As the COVID-19 vaccination rollout continues throughout Australia – with the aim of offering every adult a vaccination by the end of October. There are many unanswered questions from employers around how the vaccine sits with the workplace health and safety (WH&S) obligations. To fill this knowledge vacuum, in February Safe Work Australia published some initial guidance as follows:
How the vaccine works
For background, COVID-19 vaccines will help protect people by either preventing or reducing symptoms of COVID-19 in the person who has received the vaccine.
At this early stage it is too early to tell if the COVID-19 vaccines will stop a vaccinated person from being infected with the virus. This means that a vaccinated person may unknowingly carry and spread the virus to others around them, including workers and others in their workplace. For this reason, employers must continue to apply all reasonably practicable control measures even where everybody in your workplace is vaccinated.
Do I have to ensure my workers are vaccinated under WH&S laws?
Under WHS laws, you have a duty to eliminate or if not possible, minimise, so far as is reasonably practicable, the risk of exposure to COVID-19 in the workplace. You may not be able to completely eliminate the risk of workers being exposed to COVID-19 while carrying out work. However, you must do all that is reasonably practicable to minimise this risk and vaccination should be considered as one way to do so in the context of a range of COVID-19 control measures.
To reduce risks such as COVID-19 in the workplace, you should:
● undertake a risk assessment for your business
● consider the available control measures and how they will help manage the risks of COVID-19, including any available vaccines, taking into account available evidence.

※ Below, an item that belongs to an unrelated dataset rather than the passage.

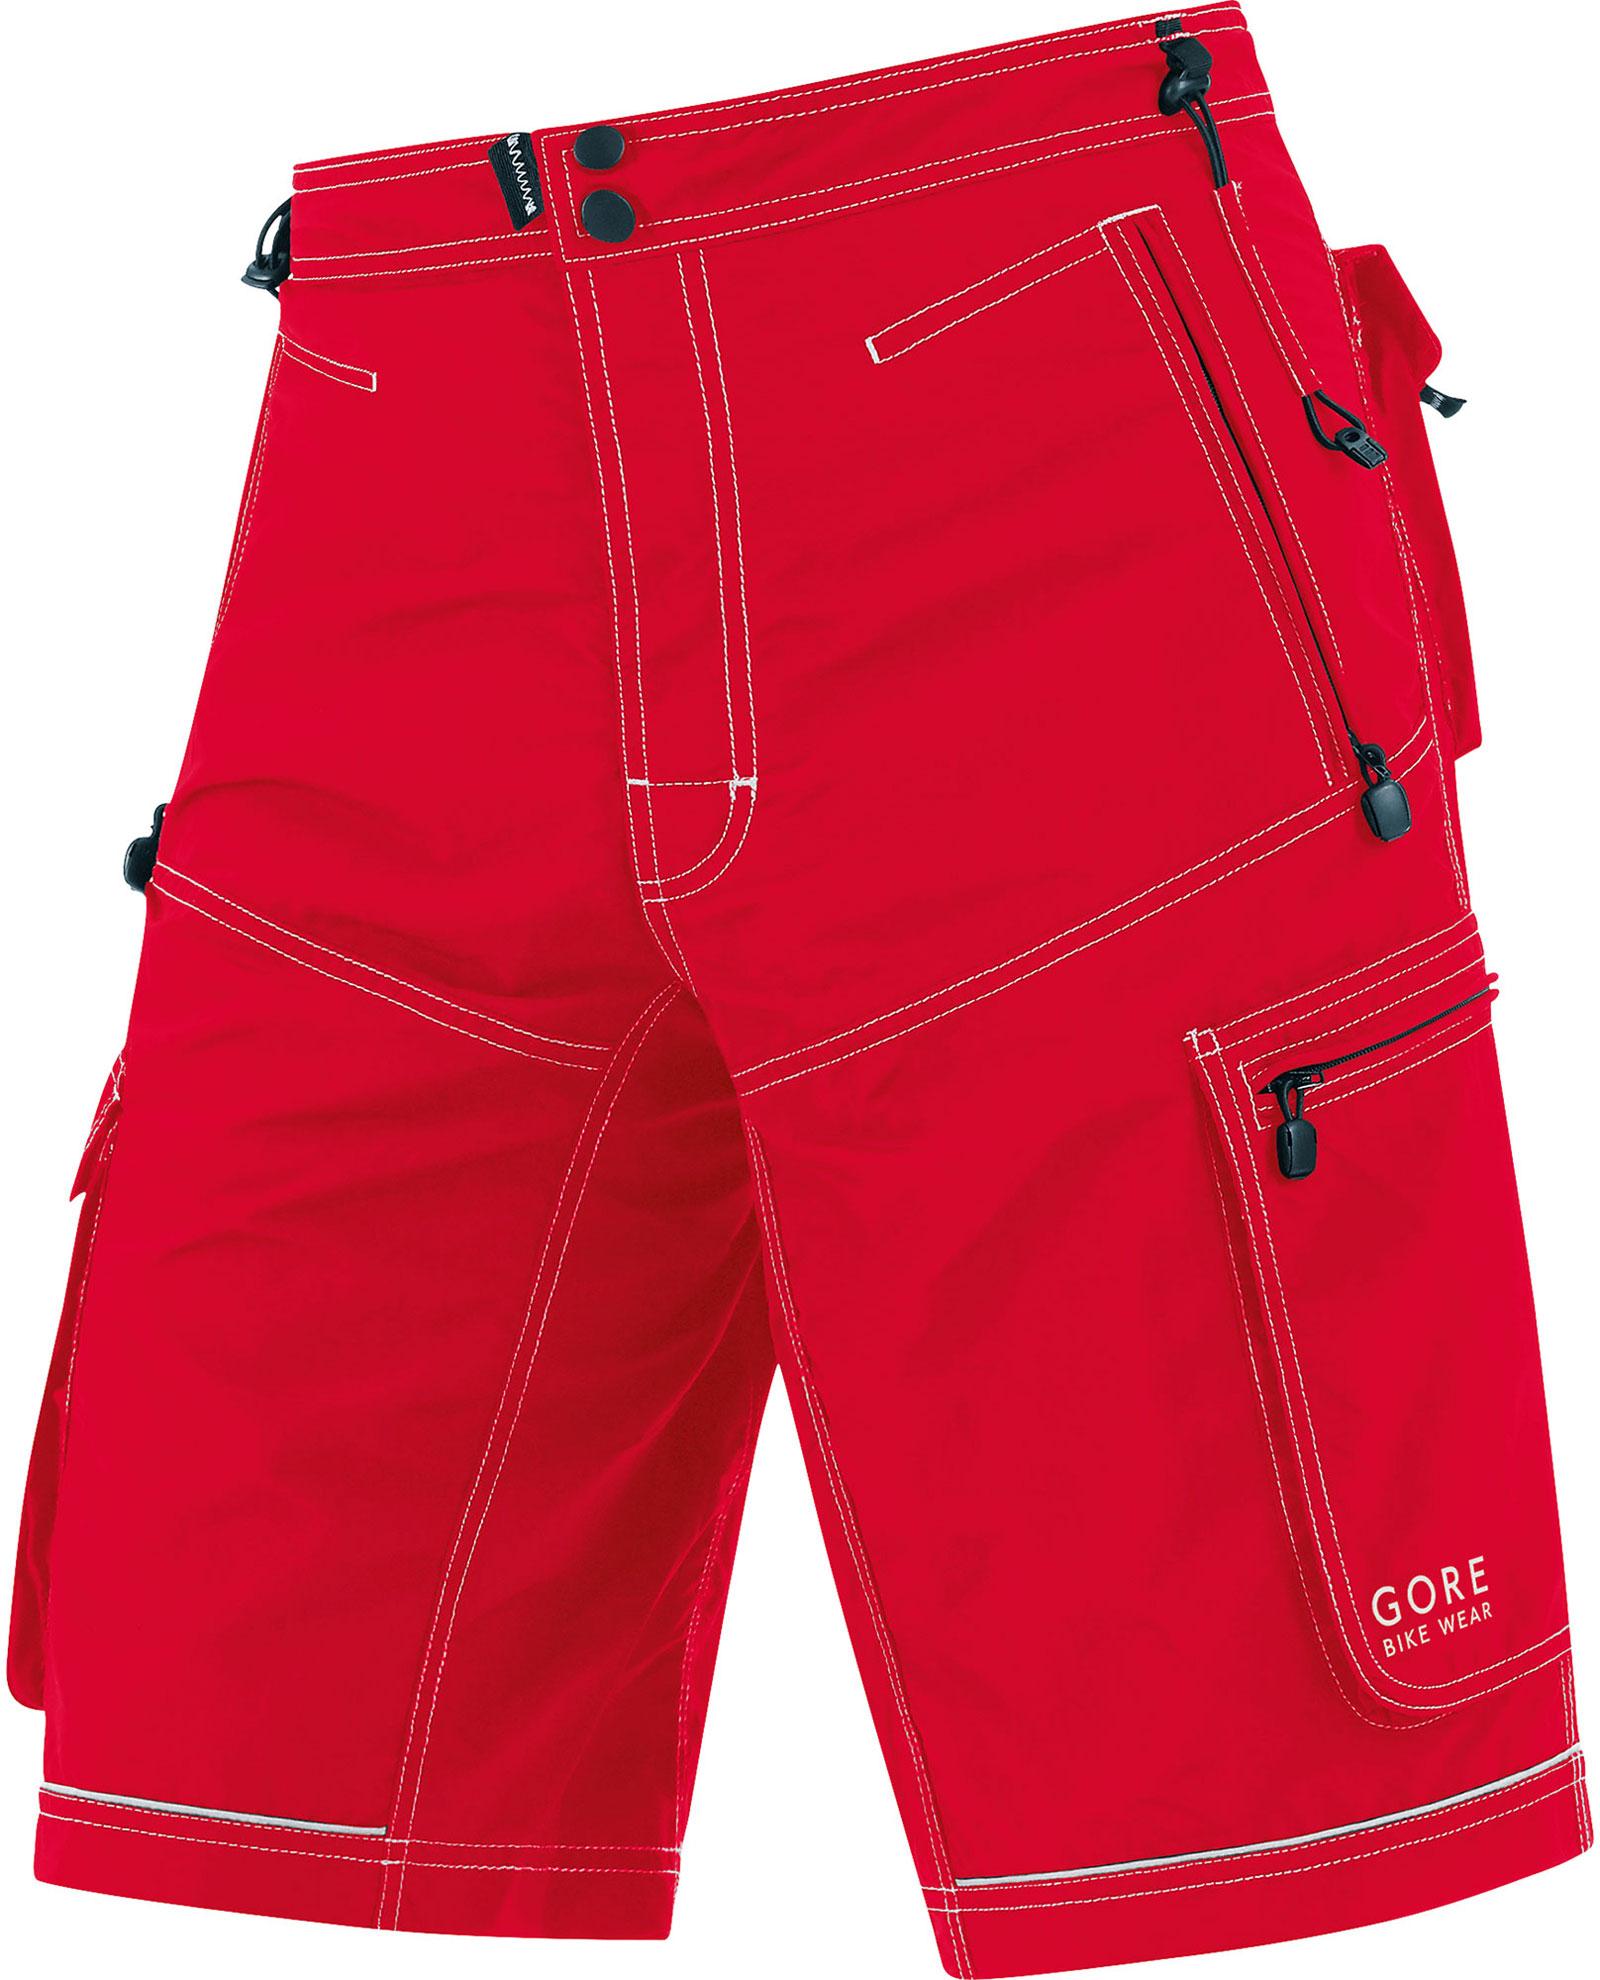 Gore Wear Plaster Ultra Shorts Bikeland Barrie S

● consult with workers and health and safety representatives about COVID-19 and relevant control measures, including the COVID-19 vaccines
● determine what control measures are reasonably practicable for you to implement in your workplace
While the Australian Government is not making vaccination mandatory, states and territories may do so for some industries or workers (for example, those who work in aged care) through public health orders. More information is available on the public health orders page.
Can I require customers and visitors to the workplace to prove they have been vaccinated as a condition of entry?

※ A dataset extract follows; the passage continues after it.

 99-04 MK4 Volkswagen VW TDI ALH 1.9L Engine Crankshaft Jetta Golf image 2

It is unlikely that WHS laws require you to ask customers and visitors for proof of vaccination. However, you might still want to require this as a condition of entry to your premises. Before you take action to impose this kind of requirement, you should seek advice as there may be privacy and discrimination issues that apply.
Can my workers refuse to come to work because another worker isn’t vaccinated?

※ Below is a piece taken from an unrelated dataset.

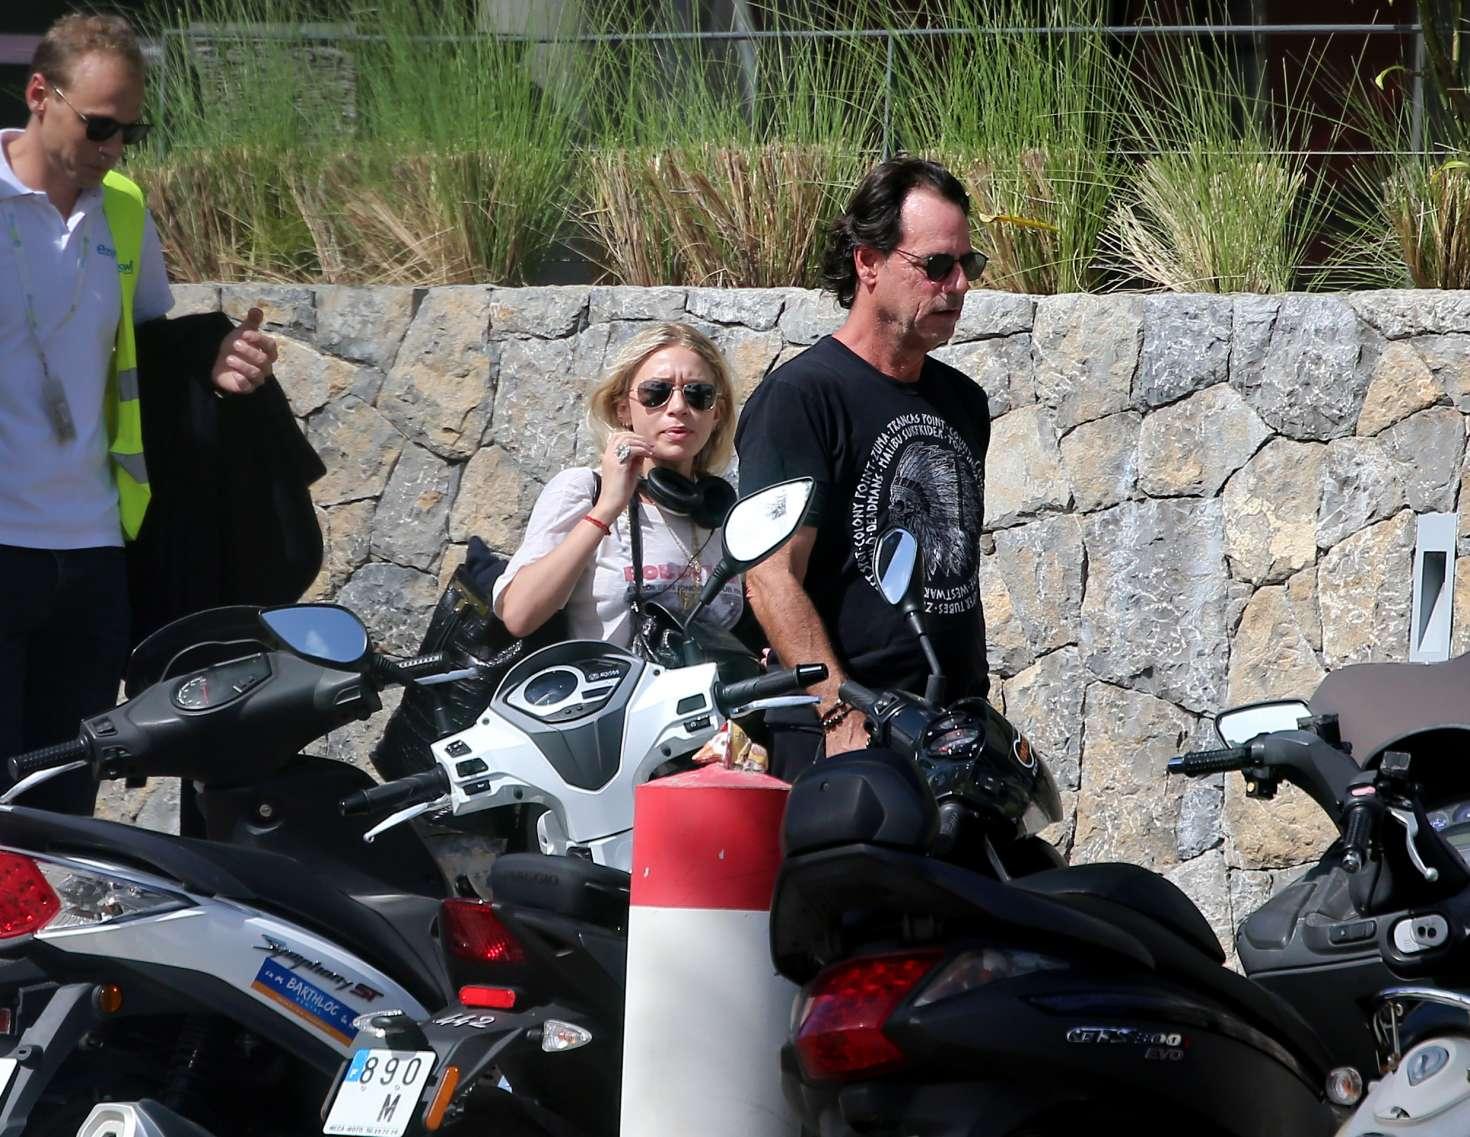 Ashley Olsen 2016 : Ashley Olsen and Boyfriend Richard Sachs in Saint Barts -01

Under WHS laws, a worker can only cease or refuse to carry out work, if the worker has a reasonable concern, that to carry out the work would expose the worker to a serious risk to the worker’s health or safety from an immediate or imminent exposure to a hazard. In most circumstances, a worker will not be able to rely on the WHS laws to cease work simply because another worker at the workplace isn’t vaccinated, however this will depend on the circumstances.
There is currently insufficient evidence about the impact of COVID-19 vaccines on
the transmission of COVID-19. Therefore, there is no reason why workers who are currently attending workplaces with other people should stop doing so because of the vaccine rollout. For vulnerable workers, you should continue to implement other working arrangements where you reasonably can, such as working from home.